Additives like PS white and grey help keep stuff from sticking to the fuel system and injectors clean. They don't remove water or slime (bad contaminations). They don't kill algae either. They shouldn't harm the tank though. The gm tank delamination is a material break down or something from poor selection of materials or manufacture.

Rusty water and "slime" could be some algae or just crud build up of condensation. Rust on metal parts would come from water contamination and separation then air exposure would increase severity. I don't know details but Algae and different bio fuels can corrode metal worse than plain ole dino diesel (which we don't really have anymore). When you leave a tank on empty for a long time is about the worst thing you can do after a slug of bad fuel. So in general its better to keep tanks topped up. Continual refill and run will dilute and mix good fuel with bad so small contaminations clear up on their own as filters catch it. Also, because better stations and distributors use storage/cleaner additives to keep their systems clean you get some effects each time you fill up. I would bet more cold weather areas typically have better tank maintenance so pumps don't gell. Probably colder areas run more "detergent/dispersant" additives through by default???

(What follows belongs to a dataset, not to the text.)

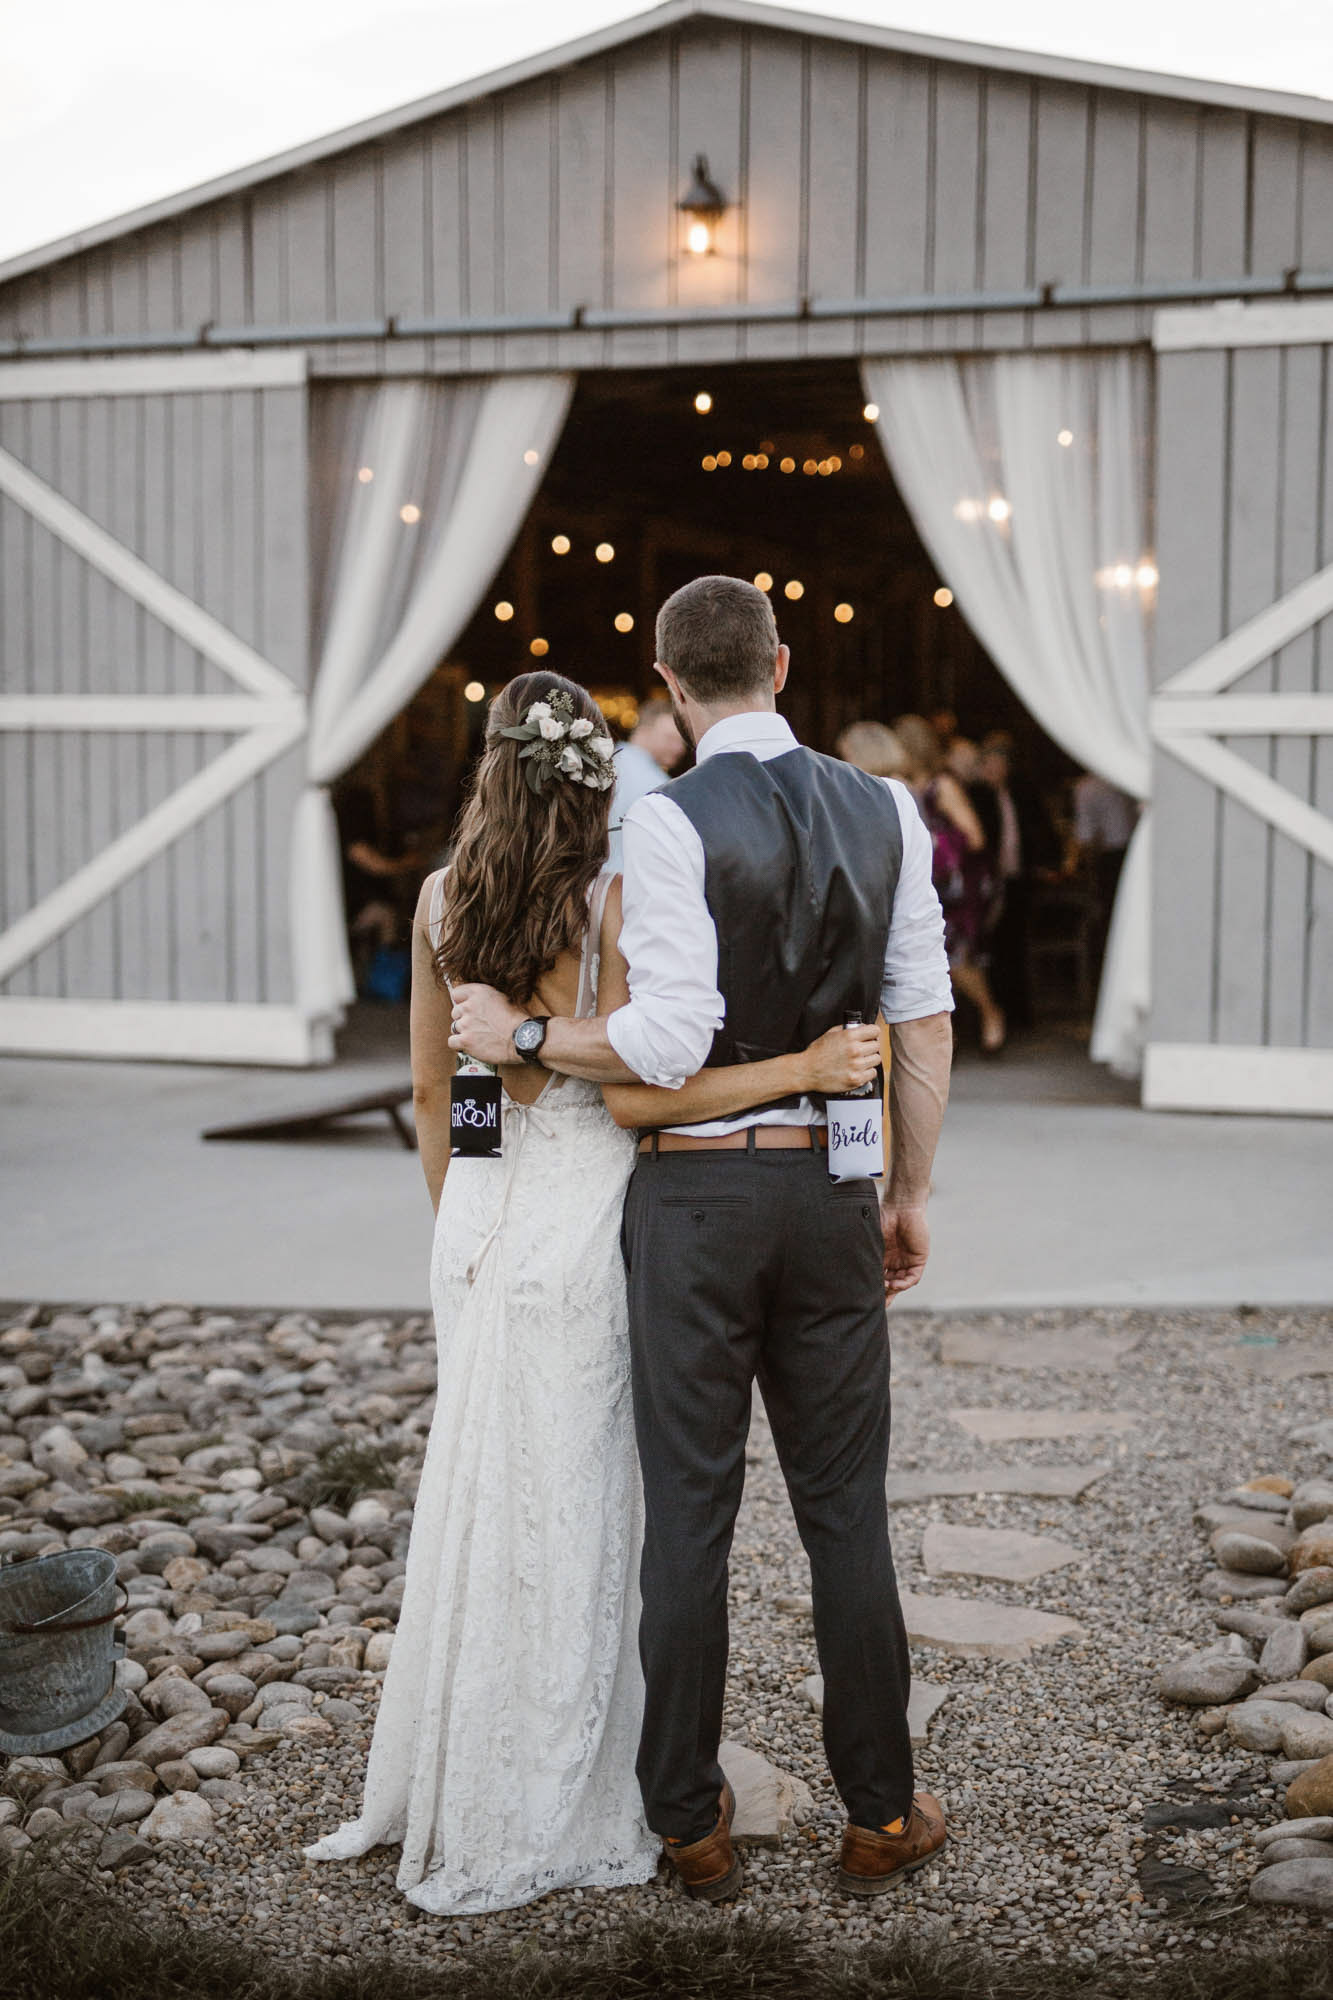 a wedding couple standing facing a barn holding a bride and a groom labeled bottles

Since you put on a new tank and its all clean I would run a batch of algaecide through a tank or 2 so it does not re-contaminate itself just to be sure.

I like to rinse my fuel storage cans out with gasoline let them dry and treat new fuel with stabilizer and biocide.

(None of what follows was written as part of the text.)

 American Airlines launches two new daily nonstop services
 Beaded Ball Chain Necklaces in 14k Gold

For a tank that gets all kinds of weird and questionable fuel you might consider some "fuel polish additives" occasionally.
 
I haven't experienced any problems with vehicles I run local. Except for a water problem in a tractor that my cousin provided off road diesel while I was working on his property. That's a story unto itself. My fuel problem has only been with the truck I travel the roads in. This has been an eye opening experience that will definitely change the way I do things in regards to diesel fuel.
 
......Since you put on a new tank and its all clean I would run a batch of algaecide through a tank or 2 so it does not re-contaminate itself just to be sure........
not a bad idea. might still be something in the return line.
 
Bottom line is use a water separator that's better than the low bidder excuse the big 3 use on pickups. A good water separator gives your injection system a fighting chance. The OEM fuel filters do not do a good job at all including the better than ours, but, still wimpy Duramax separator design.

Bugs grow slower in a refrigerator. Bugs are: mold, yeast, and bacteria.

@SlowBoat
It is difficult to find info on what Biodiesel does to diesel fuel let alone ULSD: and that is they adsorb more water than LSD or past diesel specs. It's to a point that IMO there can be enough waster adsorbed into the fuel that the bugs can grow in the fuel rather than just at the water fuel layer in the tank.

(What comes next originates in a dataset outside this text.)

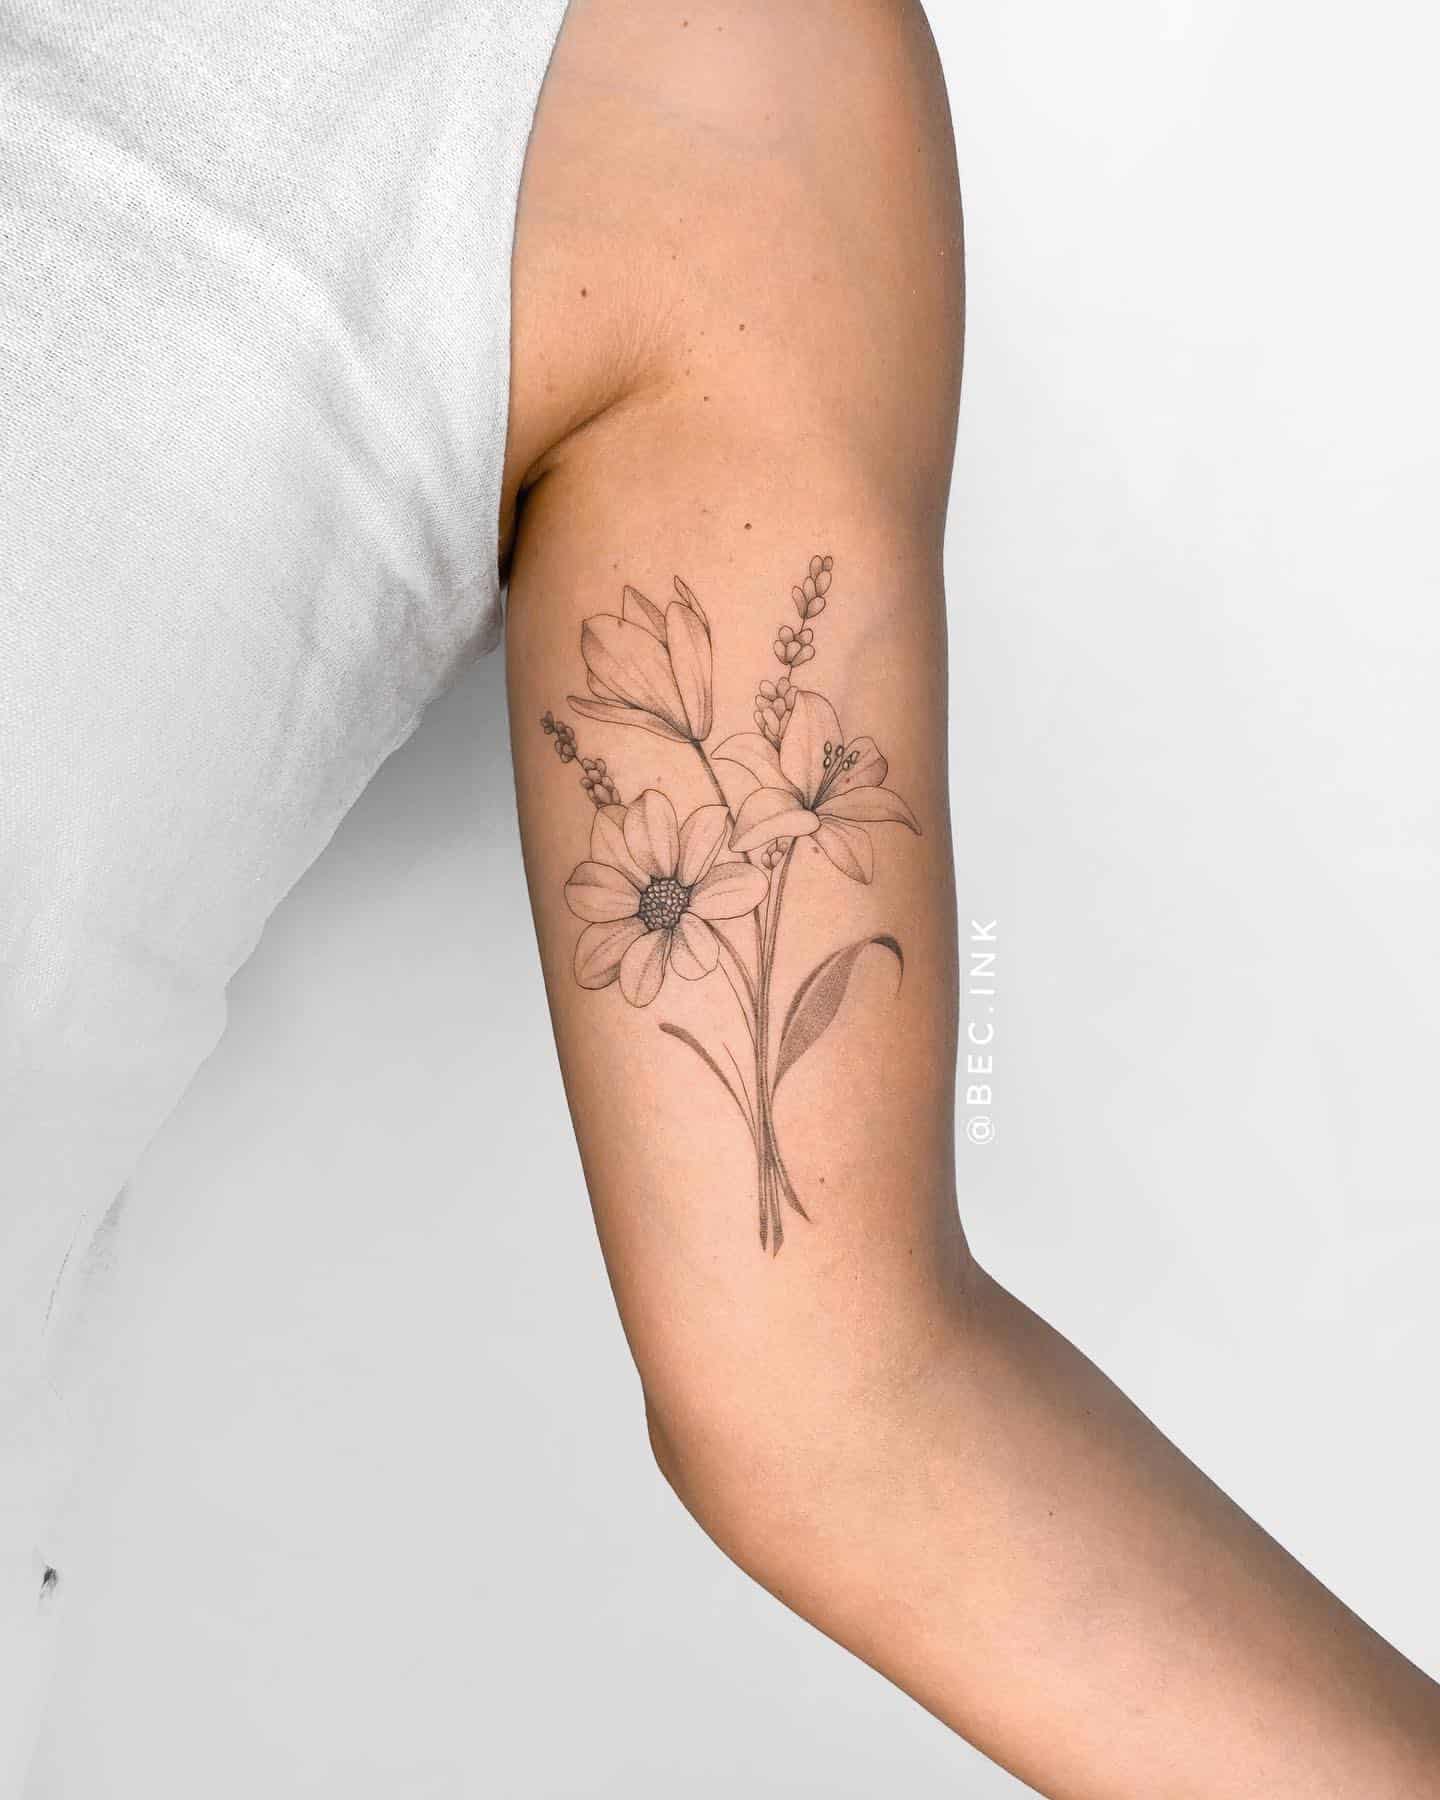 Hand poked fine line flower tattoo located on the side

You need to test the fuel to see what kind of infection you have so you can use a fuel soluble biocide that will kill it as not all formulas kill all bugs. Gasoline aside of it's side effects does work well to kill bugs.

http://www.thetruckstop.us/forum/th...ulsd-and-biodiesel-this-can-affect-you.35096/

@schiker
Corrosive fuel from bug infections and/or leftover biodiesel methanol appear to ruin the old GM tank linings. Nevermind age itself. Biodiesel wasn't exactly in use back when our tanks were made. Now that biodiesel is a common component of diesel fuel note all the "plastic" fuel tanks that are not affected by the above. Even modern metal aux in bed fuel tanks are affected and very difficult to clean. IMO get a plastic aux tank for modern diesel's problems.
 
Slow boat. how do you have LP wired in? If still on stock harness it will be mandatory in my mind to power it with something like my LP relay harness or equivalent.
 
Leroy, I've been using your LP Relay wiring harness for quite a while now. I will be upgrading it the WTS version in a few days.